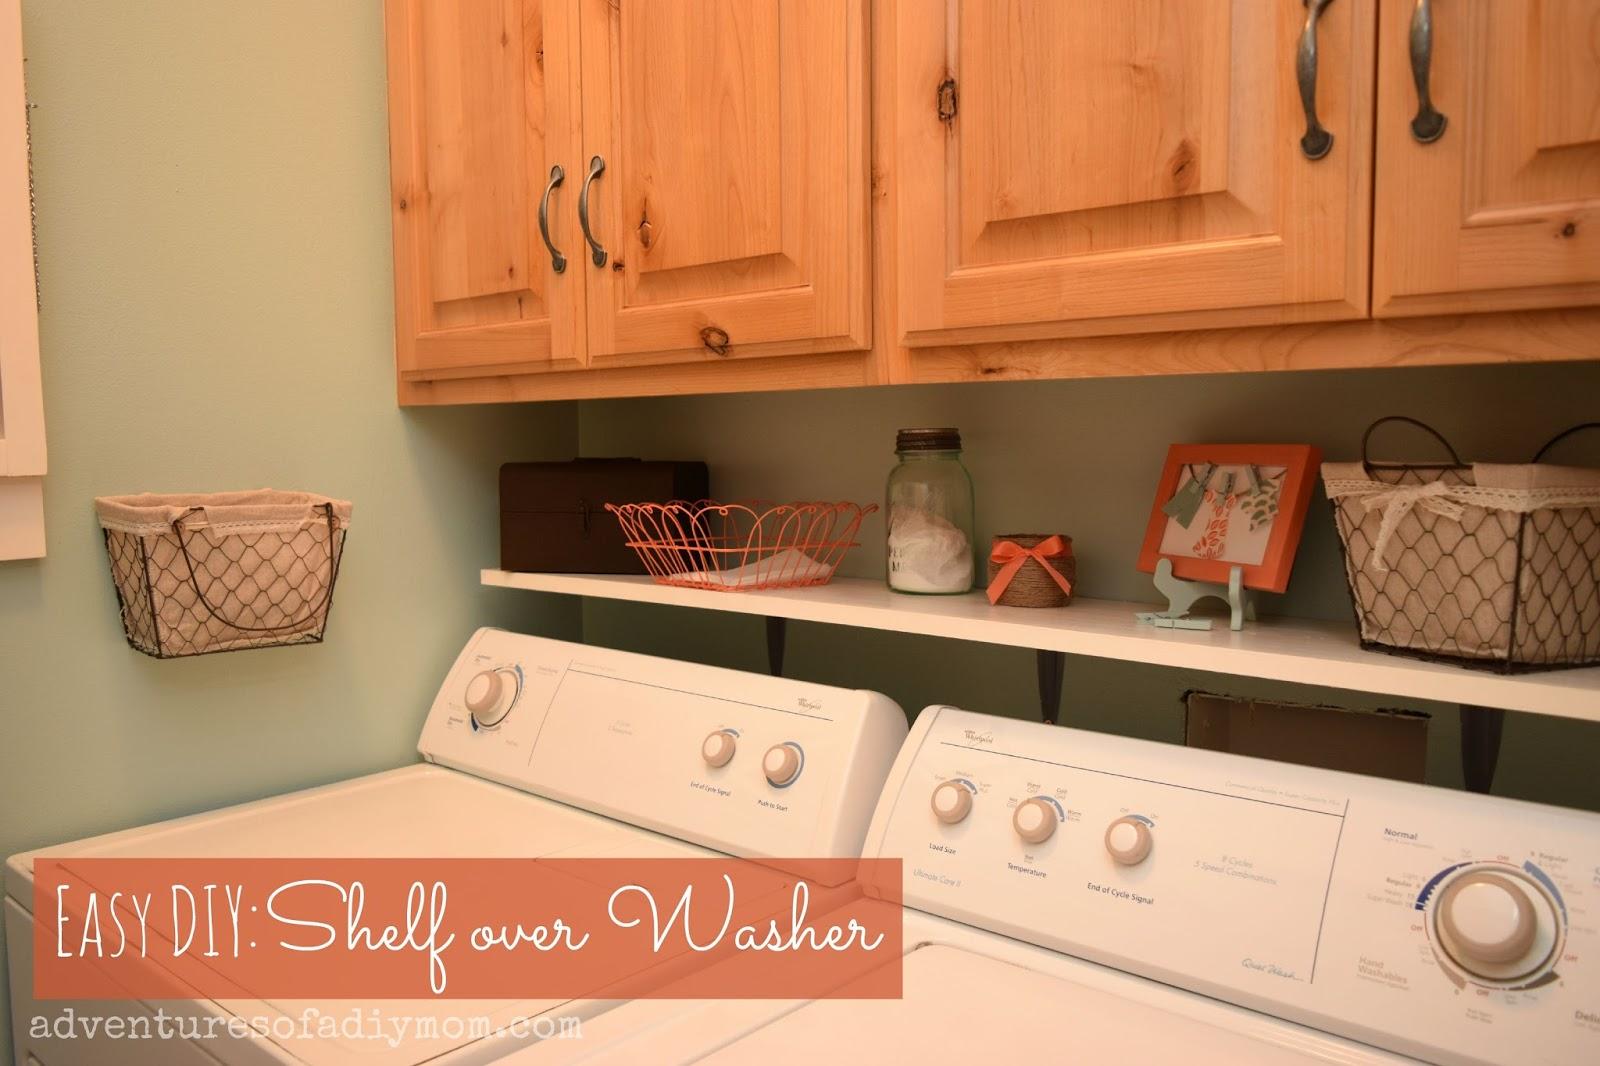 Easy Diy Shelf Over The Washer
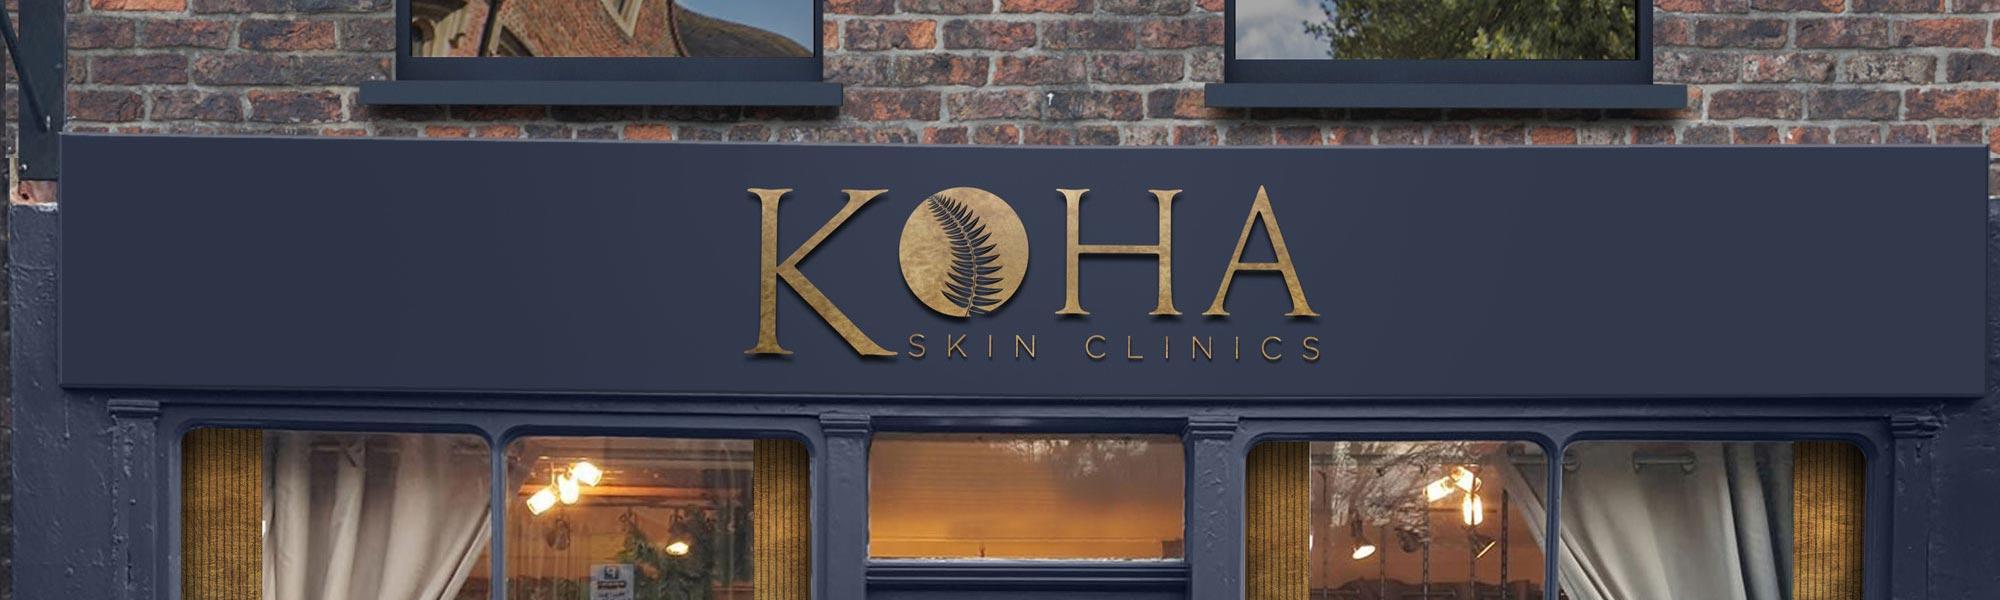 Koha Skin Clinic Berkhamsted Page Feature Header Image
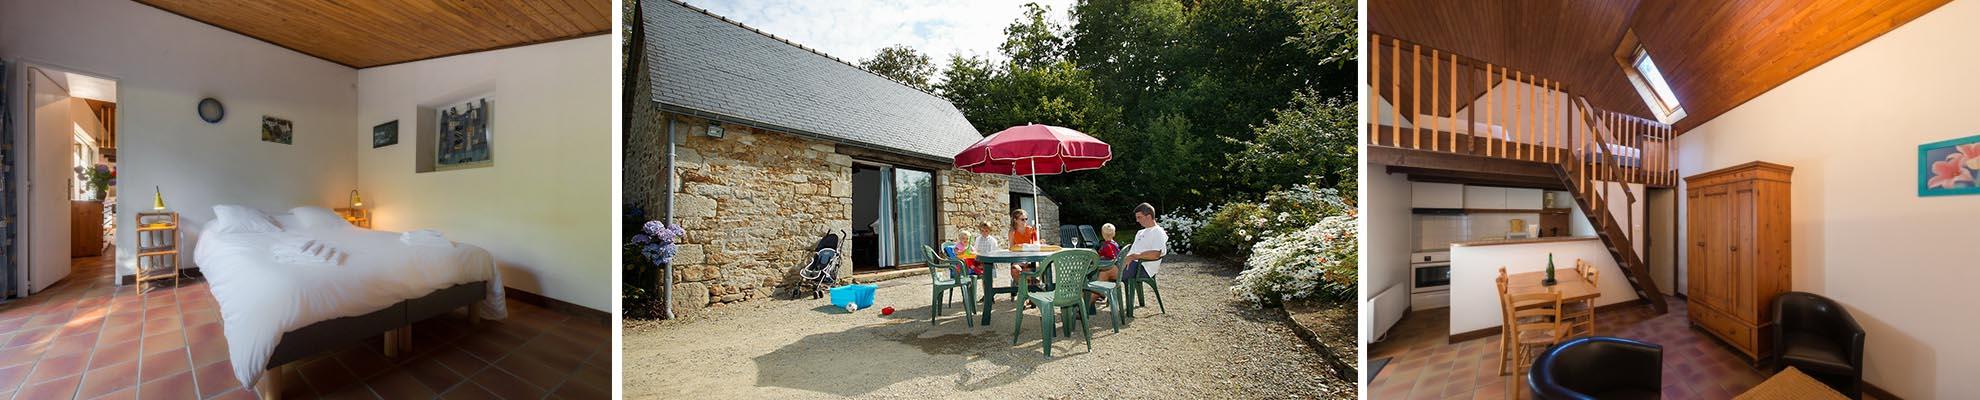 camping-lanniron-maison-champ

Work instruction> Pictures stay out of the copy; print the material above exactly.

Task response>
 Easy Diy Shelf Over The Washer
 Koha Skin Clinic Berkhamsted Page Feature Header Image
 camping-lanniron-maison-champ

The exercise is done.